Questo romanzo nasce da un profondo atto d’amore per la vita e per la musica, che è essa stessa vita, dunque incarna il senso molteplice dell’essere in espansione, prefiggendosi di toccare i cuori e colpire le menti di chiunque leggerà. La scrittura è sempre possibilità di incontro e di condivisione (e non certo nel senso vulgato attraverso i social), sottende la speranza nell’umano e nel futuro migliore dell’umanità, anche se questi sono tempi molto oscuri, controversi e difficili. La letteratura, la cultura, l’arte, la musica, le invenzioni e le conquiste scientifiche sono creazioni dello spirito umano che fanno ben sperare e offrono dei modelli di virtù cui attingere in consapevolezza, determinazione, volontà.
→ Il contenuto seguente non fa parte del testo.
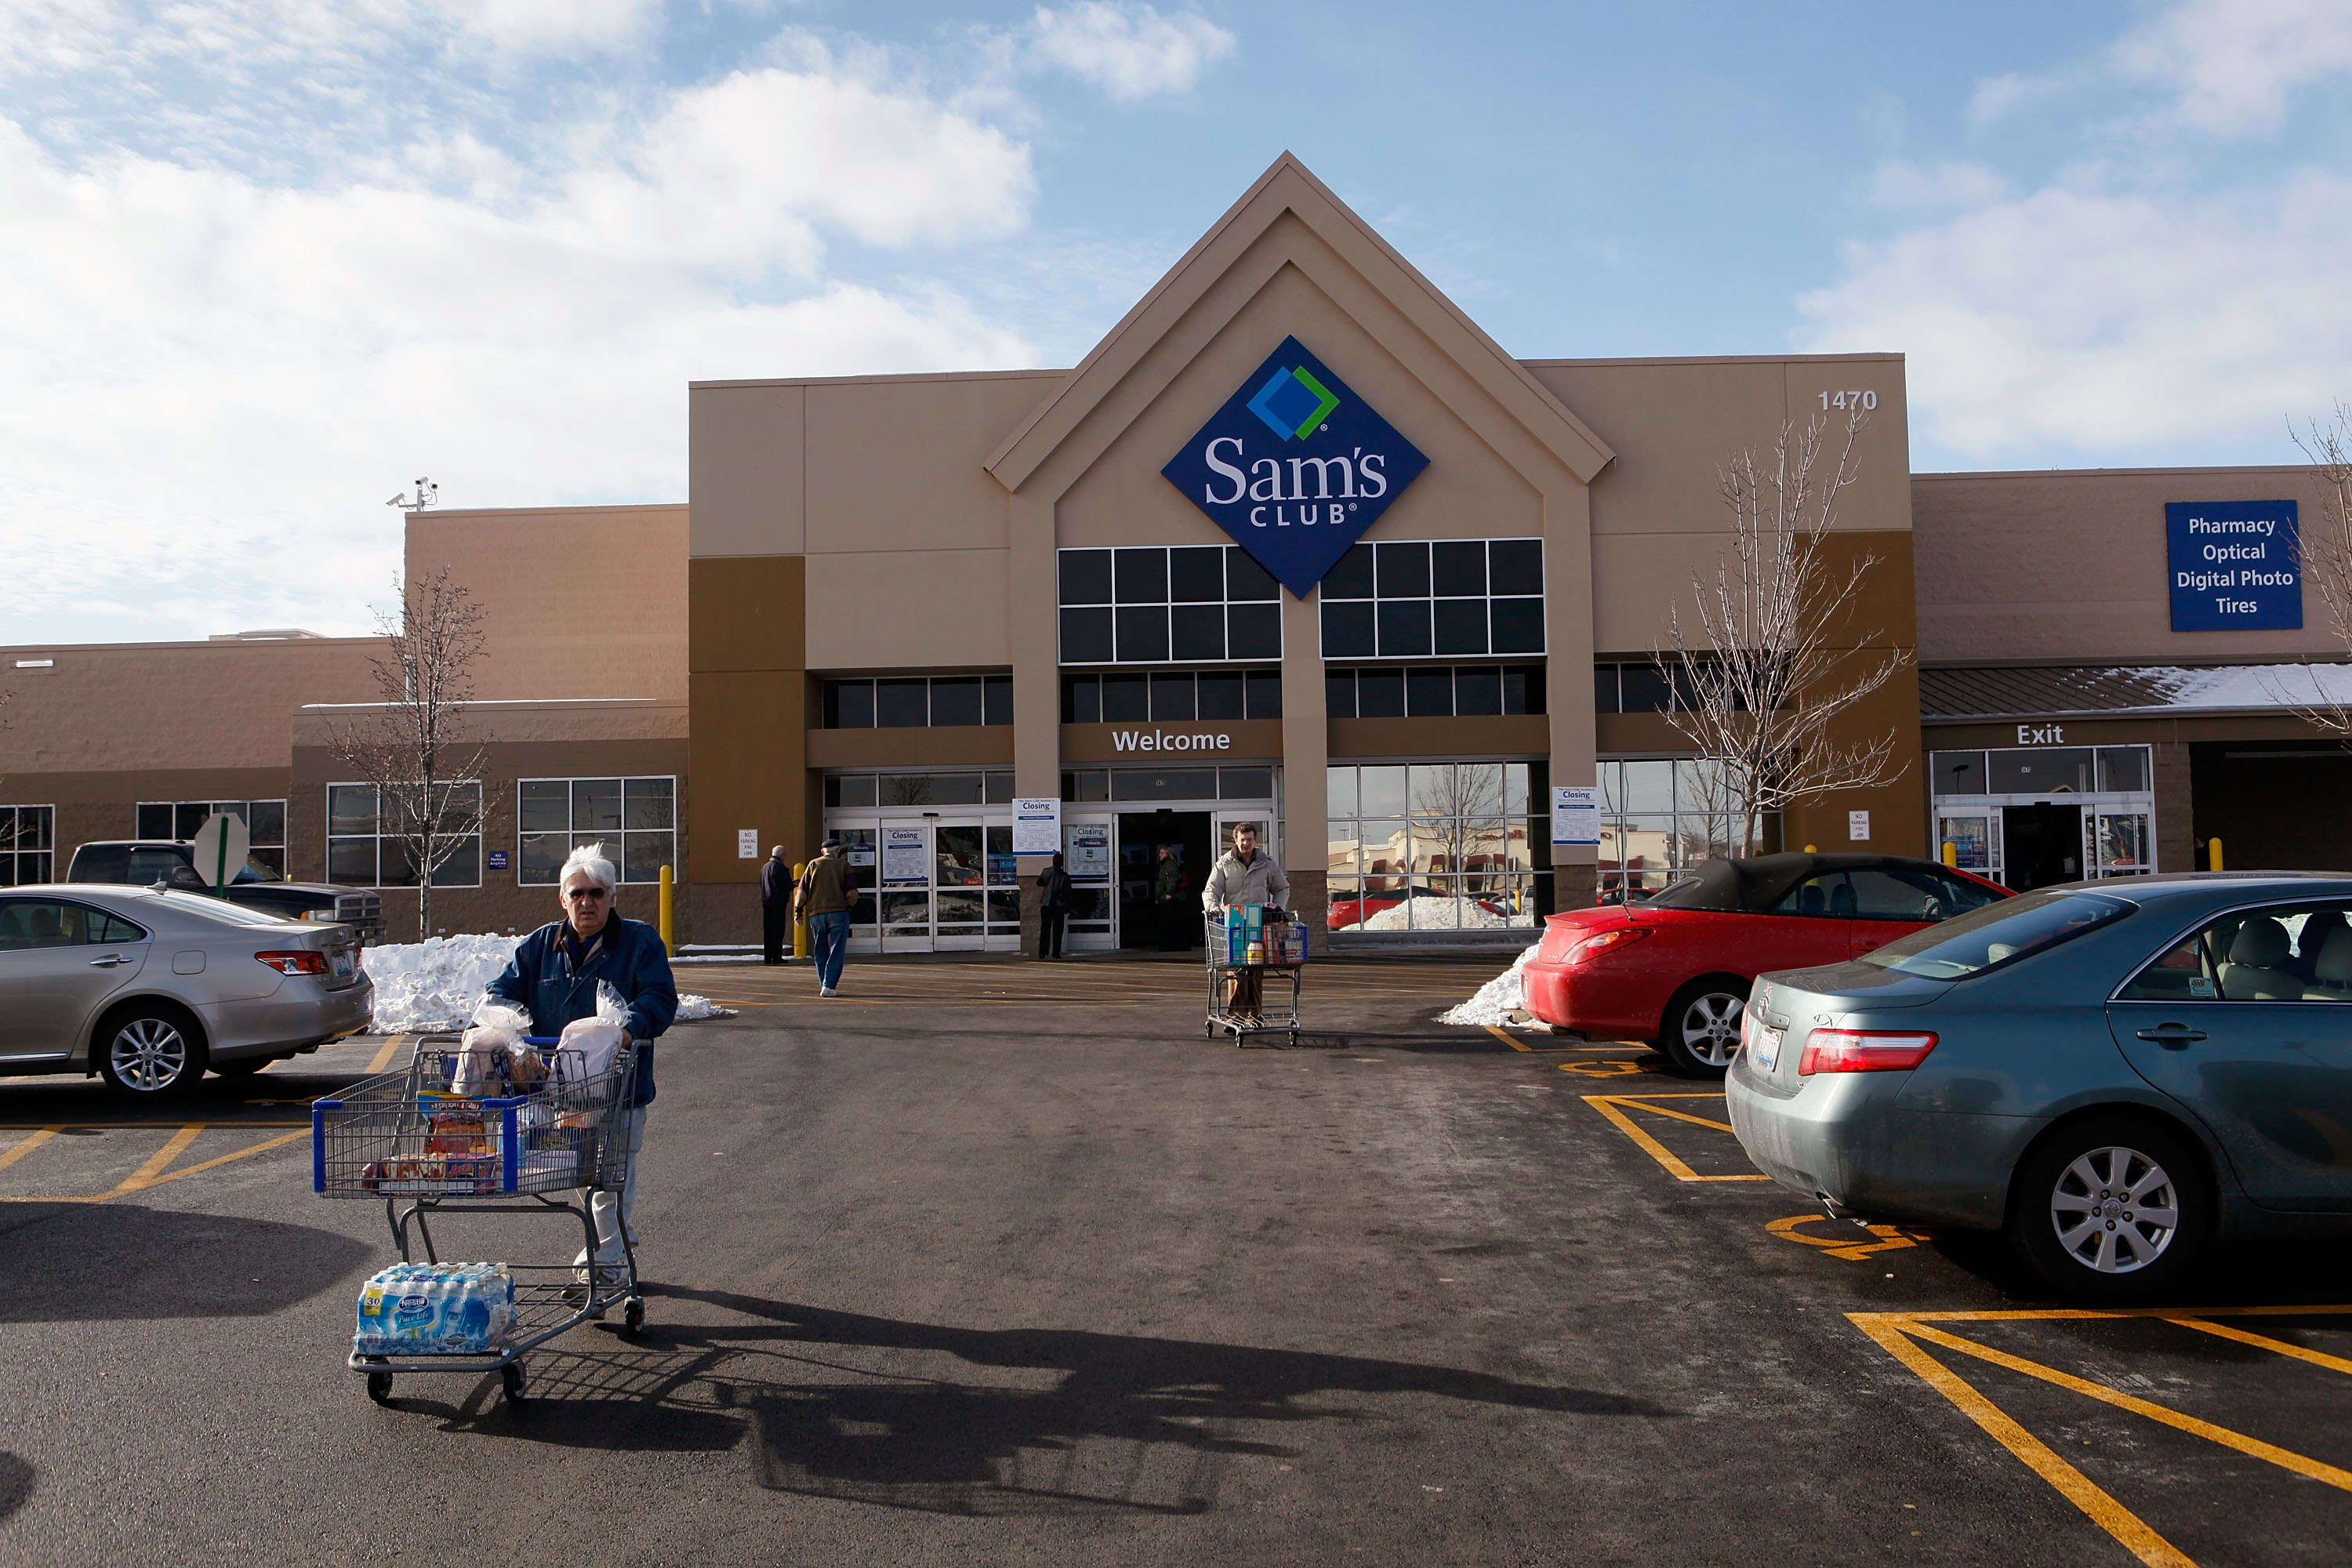 What Time Does Sam’s Club Close on Christmas Eve 2020?
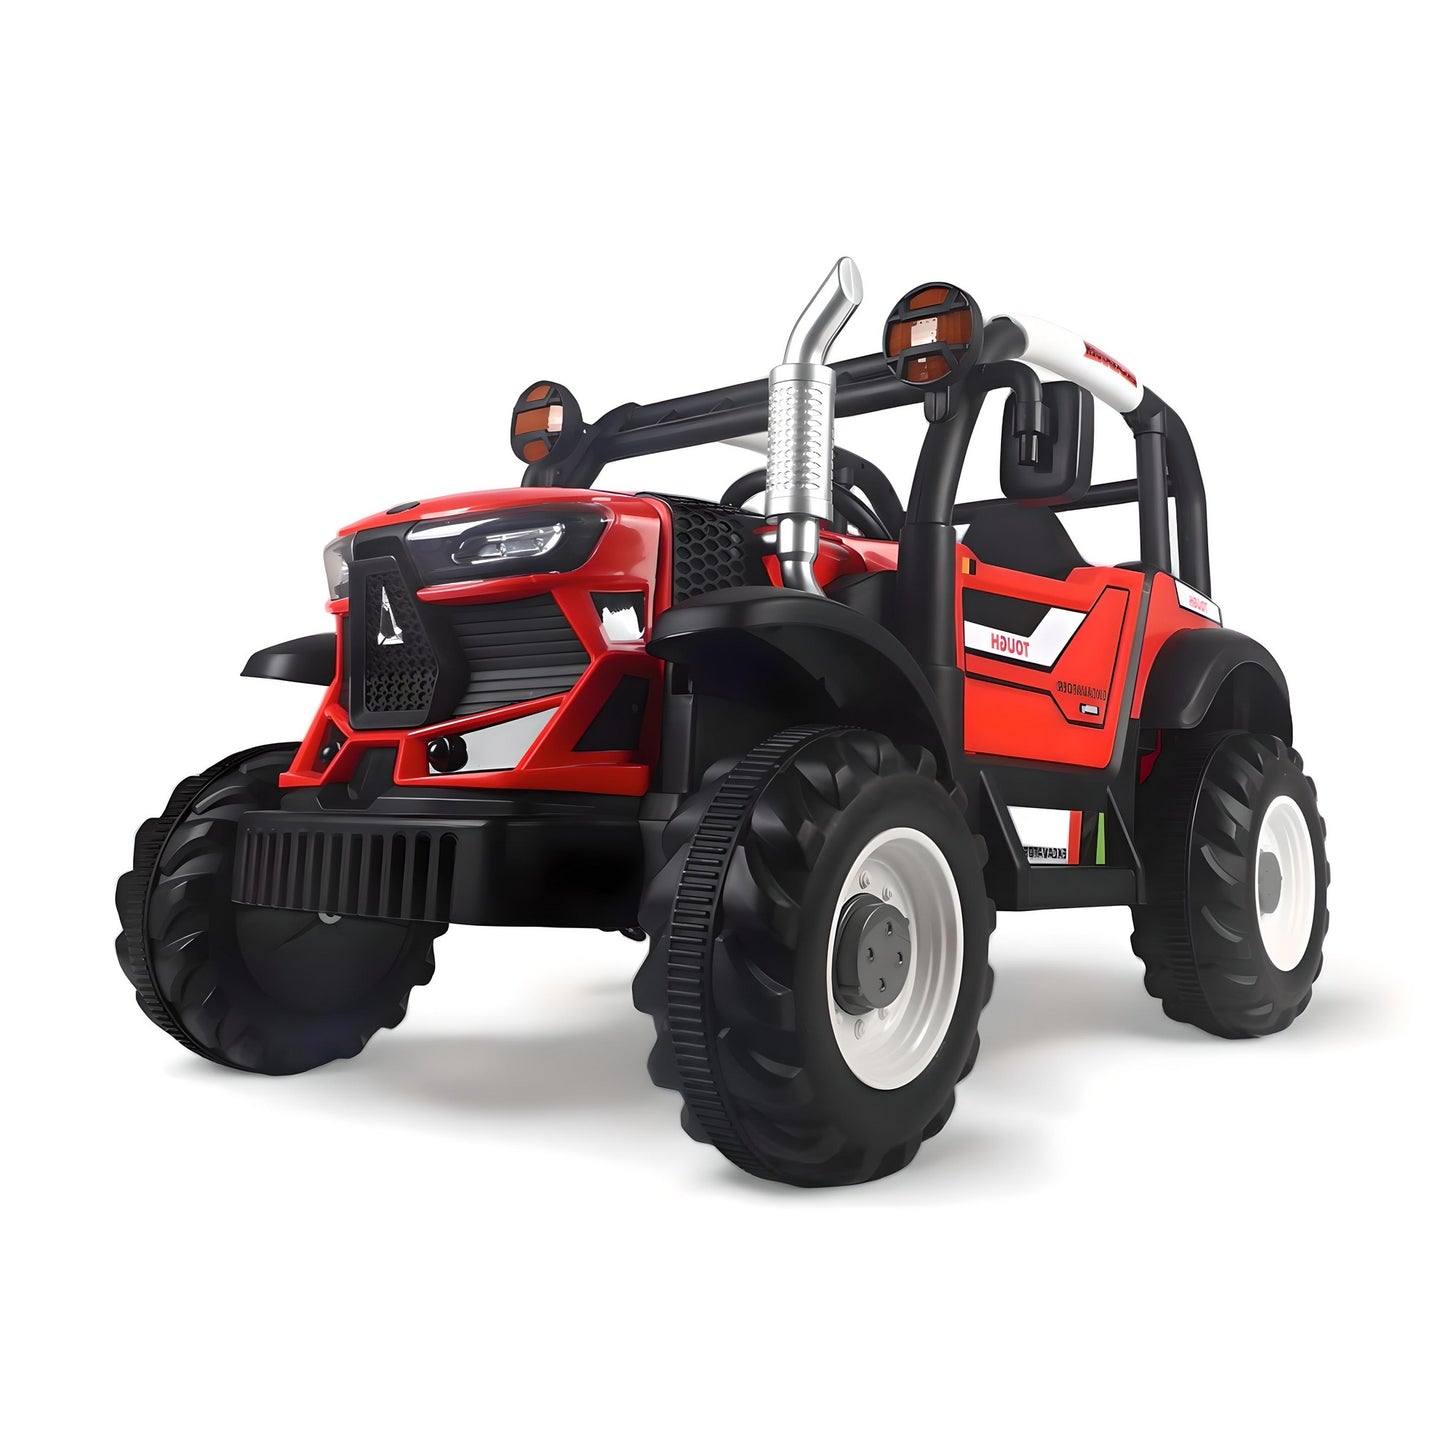 AYAAN TOYS a top-Tier Kids Electric Ride-On Tractor Featuring Dual Control, a Realistic Design, Musical Entertainment, Safe Driving Features, Durable, and Bluetooth Connectivity, Aged 2-9-Red

- Da dove nasce l’ispirazione per questo libro in cui è vivo l’amore per la musica, ma c’è spazio anche per un atto terroristico?
Ogni libro credo nasca da un desiderio, che coniuga in sé un’avventura dello spirito e la ricerca di trovare sé stessi negli altri. Il “Piano Concerto Schumann”, l’opera di Schumann, intendo, ne è solo il medium ideale e la sua musica – in verità tutta la musica – si carica di valenze catartiche. La bellezza e la bontà, la sublime meraviglia che racchiude la percezione estetica, qui rievocata anche attraverso nomi e volti più o meno famosi, vicende, opere d’arte ed epoche storiche diverse, trovano conferme e risaltano proprio nel contrasto con la violenza, il male, la crudeltà.
- Cosa vorresti che i lettori riuscissero a comprendere leggendo le tue parole? Quale segno vorresti lasciare in loro?
Vorrei che chiunque leggesse il mio, ritrovasse nella storia, in uno dei personaggi, in una delle passioni e degli slanci che li animano, quel quid che tutti ci unisce. Siamo capaci di grandezza e latori di messaggi profondi, belli, ardenti ma anche, spesso, inconsapevoli della bellezza del creato. La musica e l’arte diventano rivelazione dell’Infinito in ognuno di noi.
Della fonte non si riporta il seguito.